A new research shows criminals can soon start using hard-to-detect methods involving lighting or vibration and music to launch malware attacks on mobile devices. The revelation was made in the research prepared by researchers at the University of Alabama at Birmingham (UAB), presented at 8th Association for Computing Machinery (ACM) Symposium on Information, Computer and Communications Security (ASIACCS) in Hangzhou, China.
"When you go to an arena or Starbucks, you don't expect the music to have a hidden message, so this is a big paradigm shift because the public sees only emails and the Internet as vulnerable to malware attacks," said Ragib Hasan, assistant professor of computer and information sciences and director of the UAB SECuRE and Trustworthy (SECRET) computing lab.
"We devote a lot of our efforts towards securing traditional communication channels. But when bad guys use such hidden and unexpected methods to communicate, it is difficult if not impossible to detect that," Hasan said.
The UAB researchers succeeded in triggering malware in mobile devices from 55 feet away in a crowded hallway using music.
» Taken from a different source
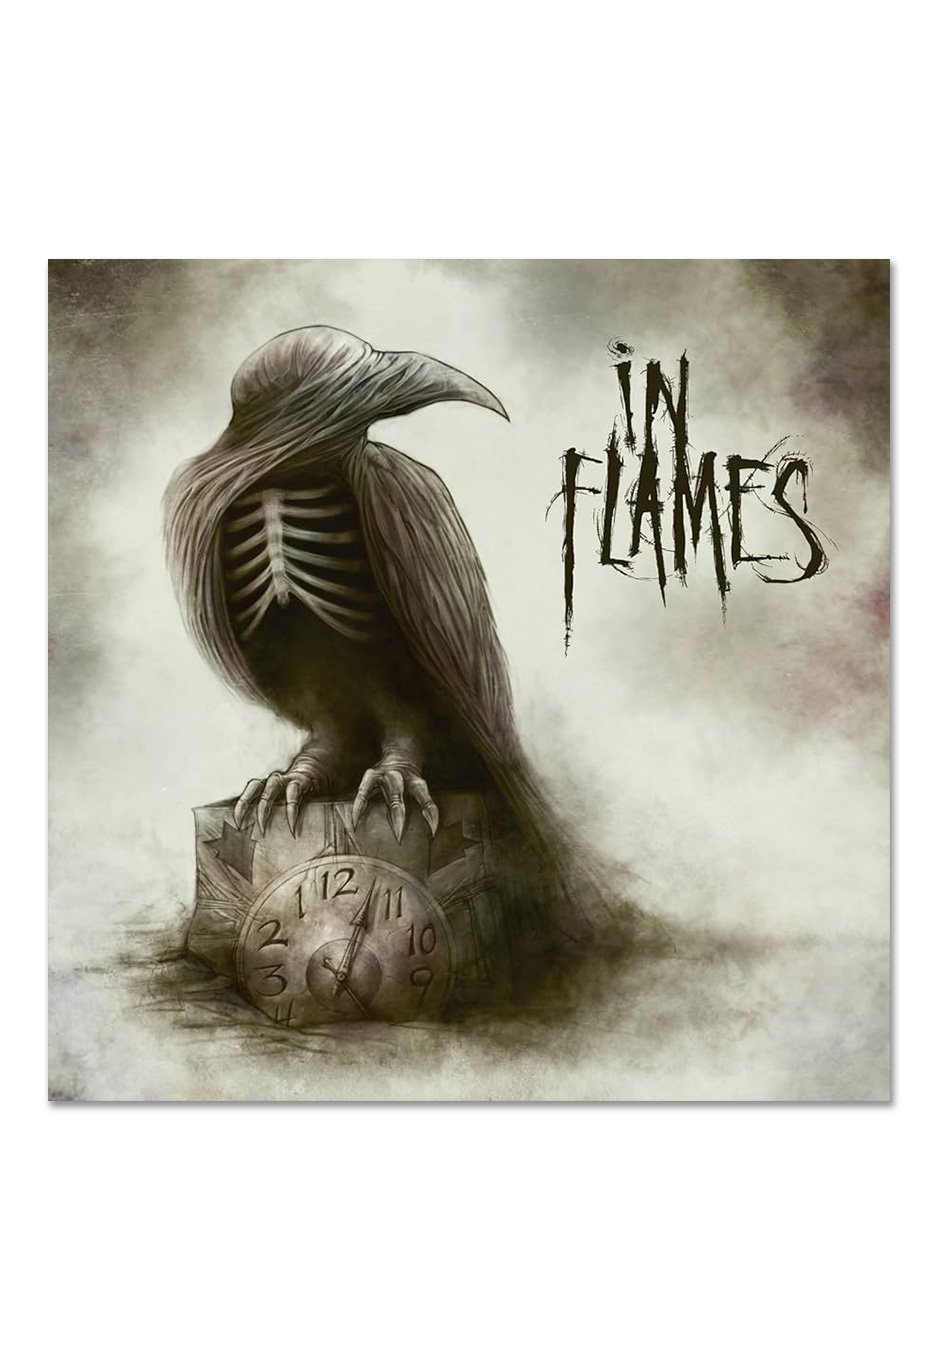 In Flames - Sounds Of A Playground Fading Ltd. Natural - Colored 2 Vinyl

They also launched malware at various distances using music videos, lighting from TV, computer and overhead bulbs and vibrations from a subwoofer.
"We showed that these sensory channels can be used to send short messages that may eventually be used to trigger a mass-signal attack," said Nitesh Saxena, director of the UAB Security and Privacy in Emerging computing and networking Systems (SPIES) research group and assistant professor in the Center for Information Assurance and Joint Forensics Research (CIA-JFR).
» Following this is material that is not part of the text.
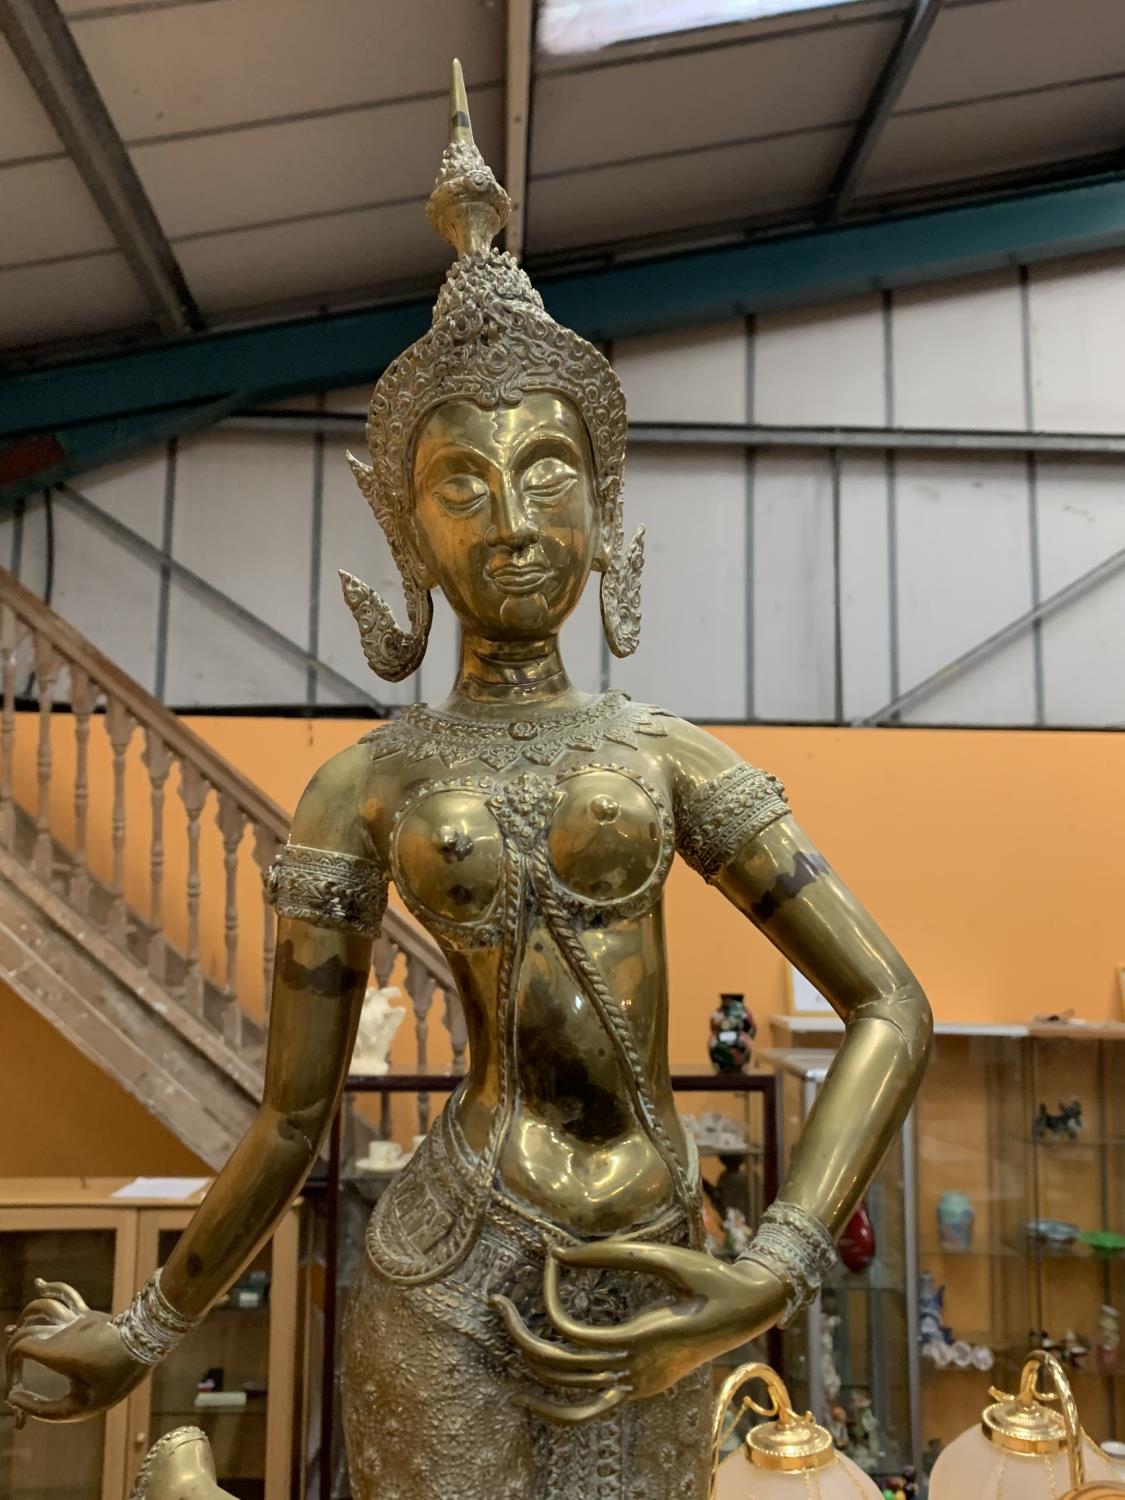 A LARGE BRASS STATUE OF A ORIENTAL TEMPLE DANCER ON A WOODEN PLINTH - HEIGHT 79CMS

"While traditional networking communication used to send such triggers can be detected relatively easily, there does not seem to be a good way to detect such covert channels currently," Saxena said.
Researchers succeeded in triggering malware with a bandwidth of only five bits per second - a fraction of the bandwidth that's used by laptops or home computers.
"This kind of attack is sophisticated and difficult to build, but it will become increasingly easier to accomplish in the future as technology improves," said Shams Zawoad, a doctoral student and graduate assistant in the SECRET computing lab.
"We need to create defenses before these attacks become widespread, so it is better that we find out these techniques first and stay one step ahead," Zawoad said.